### Task details
Produce an exact copy of all the data below, dropping every image.

### Given data
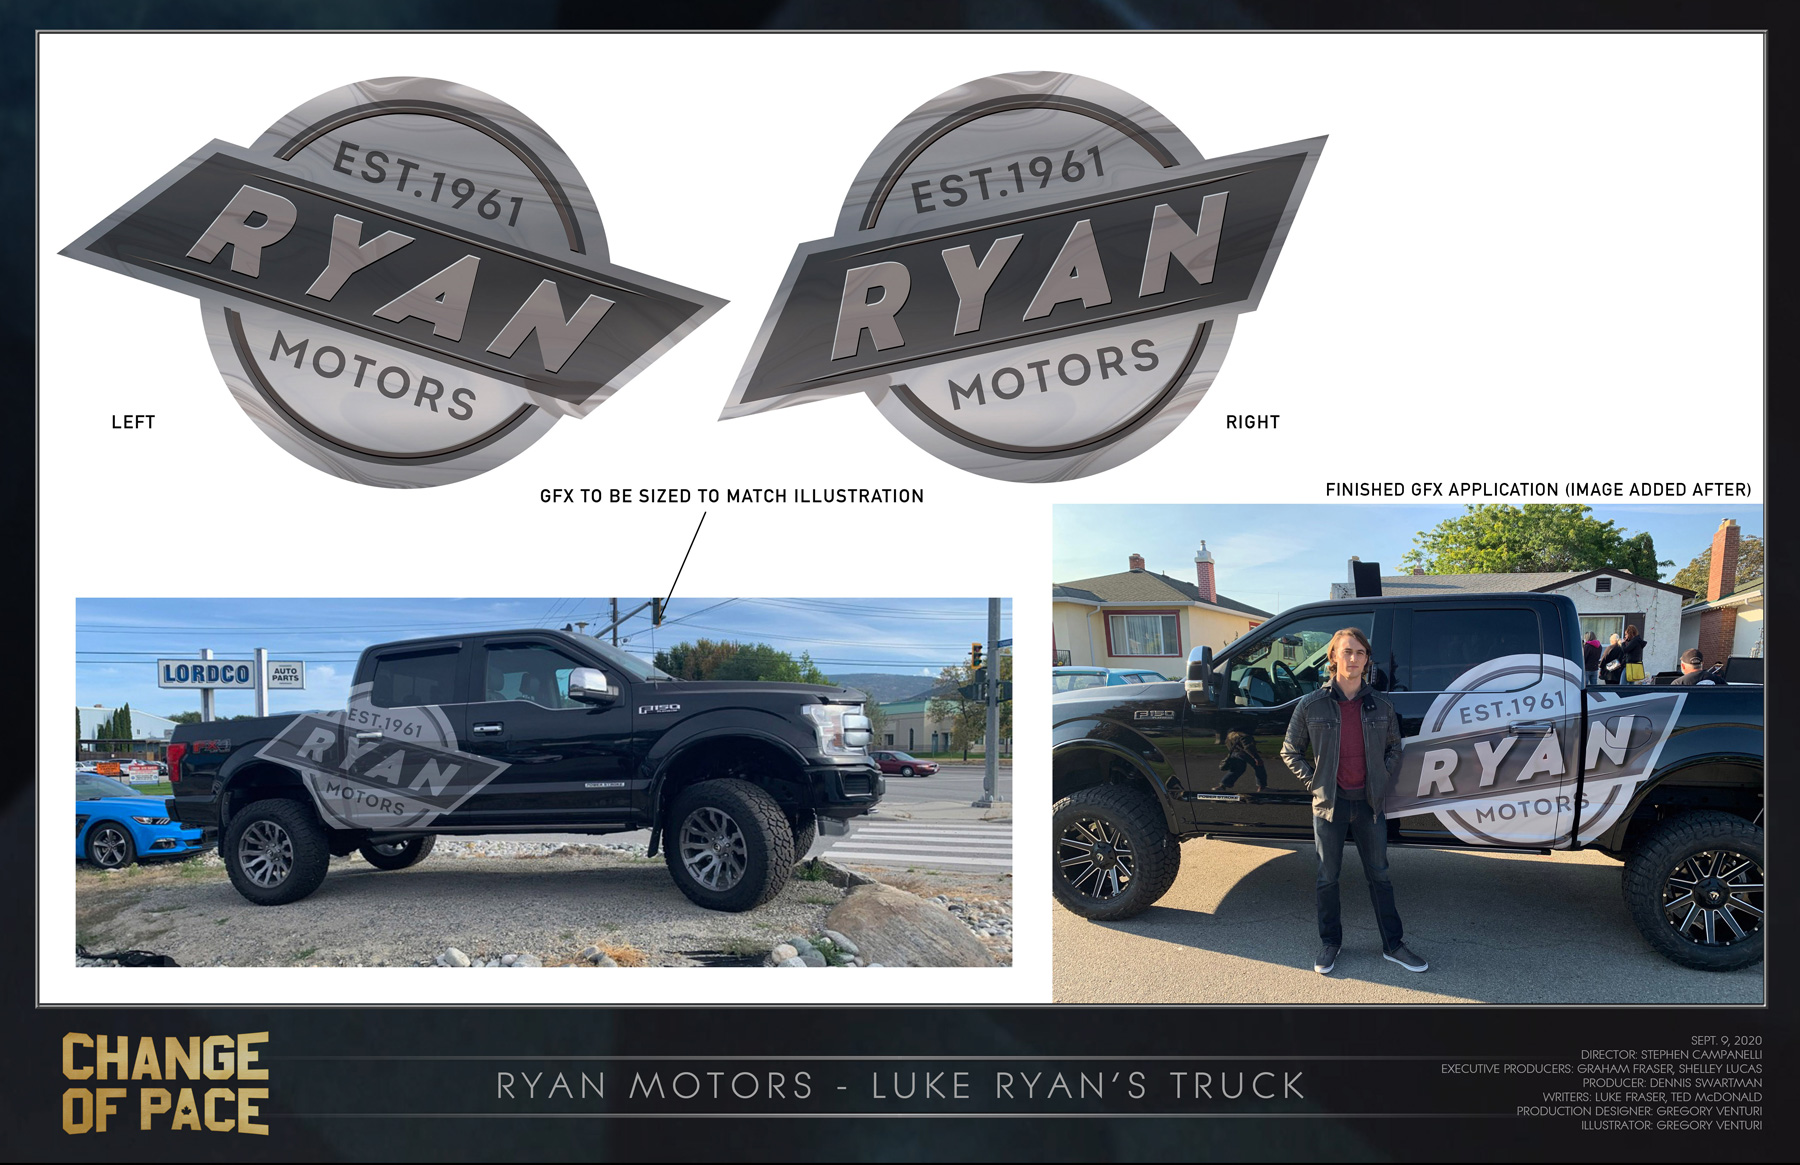 5 Drinkwater 'Ryan Motors Hangar' Luke Ryan's Truck Concept Art GV
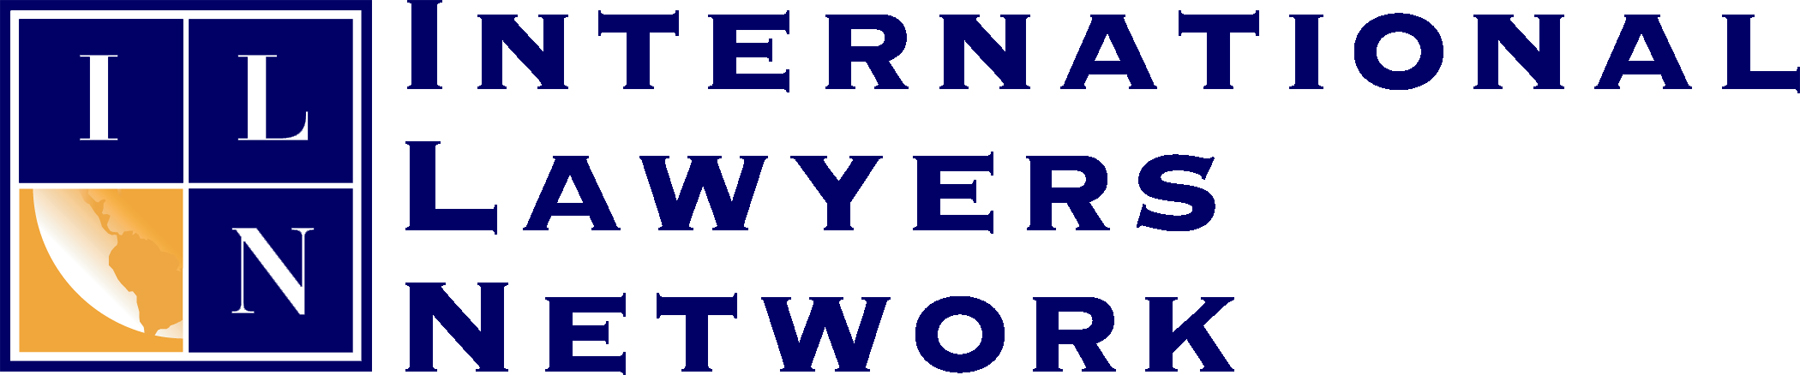 logo network
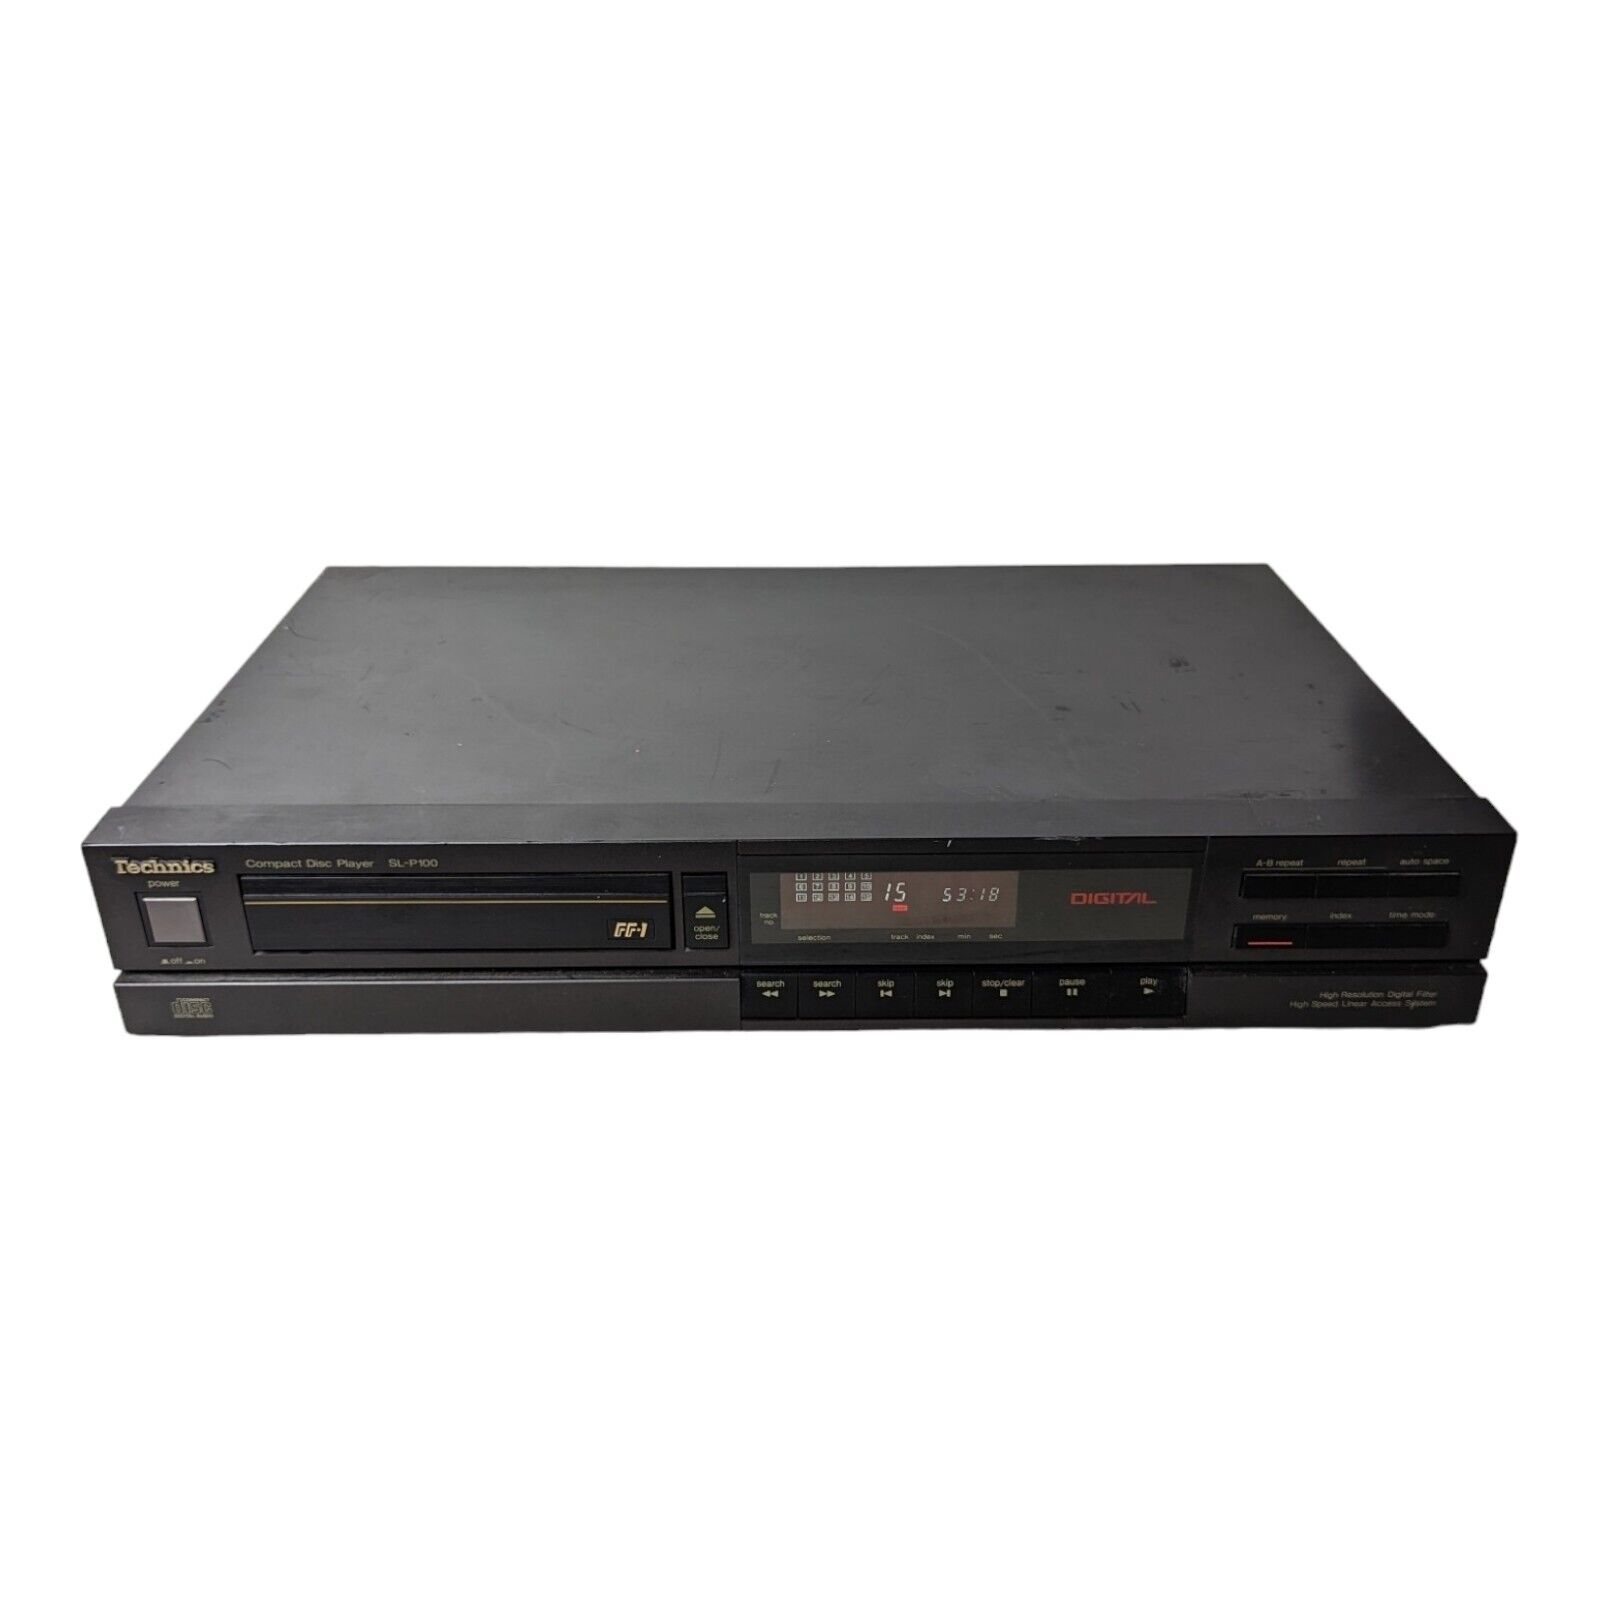 Technics SL-P100 Compact Single Disc CD Player -  No Remote

### Output of the task
 5 Drinkwater 'Ryan Motors Hangar' Luke Ryan's Truck Concept Art GV
 logo network
 Technics SL-P100 Compact Single Disc CD Player -  No Remote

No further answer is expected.